With pressure coming in from Washington to decide at the earliest if it wants the remaining troops to stay or leave, Maliki faces a tough task. His tenuously cobbled coalition government is at a risk of falling apart in case a decision is made in favour of retaining American forces for longer than the December 2011 deadline. Facing violent opposition from some of his coalition partners — concerning further prolonging of US forces in the country — Maliki is in a catch-22 position in trying to choose the lesser of the two evils. For the security in Iraq is far from stable and is in fact worse than before, according to a recent report presented before the US Congress. According to the US Special Inspector General for Iraq Reconstruction, Stuart W. Bowen Junior, the security situation is at an all time low.

Though an earlier military assessment in May lauded the improvement in security, it was misleading and based on a comparative assessment of the situation to that in 2007. As a matter of fact, according to Bowen, Iraq is facing enhanced security threat from Shia militant factions that have contributed to the spread of violence and instability. An increase in targeted killings of US soldiers and Iraqi officials and attacks in Baghdad over the past many months is testament to the fact. In addition, the Iraqi military capability is as yet not on track.

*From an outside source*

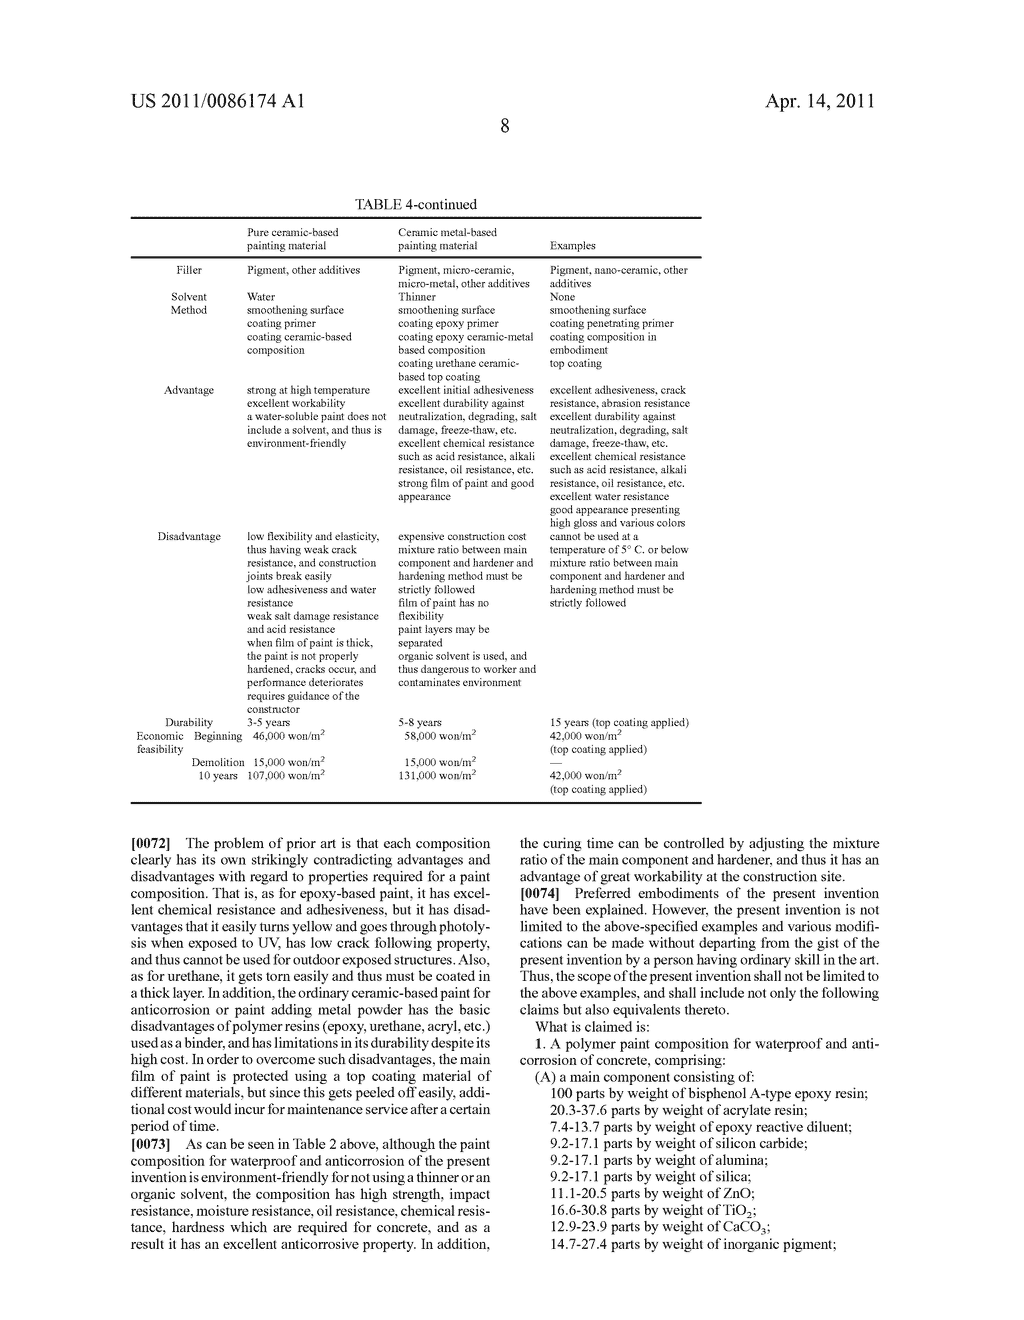 PAINT COMPOSITION INCLUDING NANO-CERAMIC AND POLYMER RESIN AGAINST NEUTRALIZATION AND SALT DAMAGE OF CONCRETE AND METHOD FOR WATERPROOF AND ANTICORROSION USING THE SAME - diagram, schematic, and image 09

This does make the decision a challenging one. The US Joint Chief of Staff Chairman Admiral Mike Mullen has urged the Iraqi government to also be mindful of the need to grant any remaining US forces — if decision is taken in favour of a prolonged stay— legal immunity. This, along with inability to reach an agreement on the duration of an extension of the forces’ presence in Iraq has mired the decision taking process to date. However, this is something Maliki will have to work out among the coalition factions sooner rather than later.

It is feared that the slightest vacuum in Iraq’s fragile setup at the moment may offset a slide back into the awful years of the last decade with civil war and sectarian conflict riding high.The Iraqi leadership should therefore take a decision in favour of the larger national interest rather than flexing political muscles for expediency sake.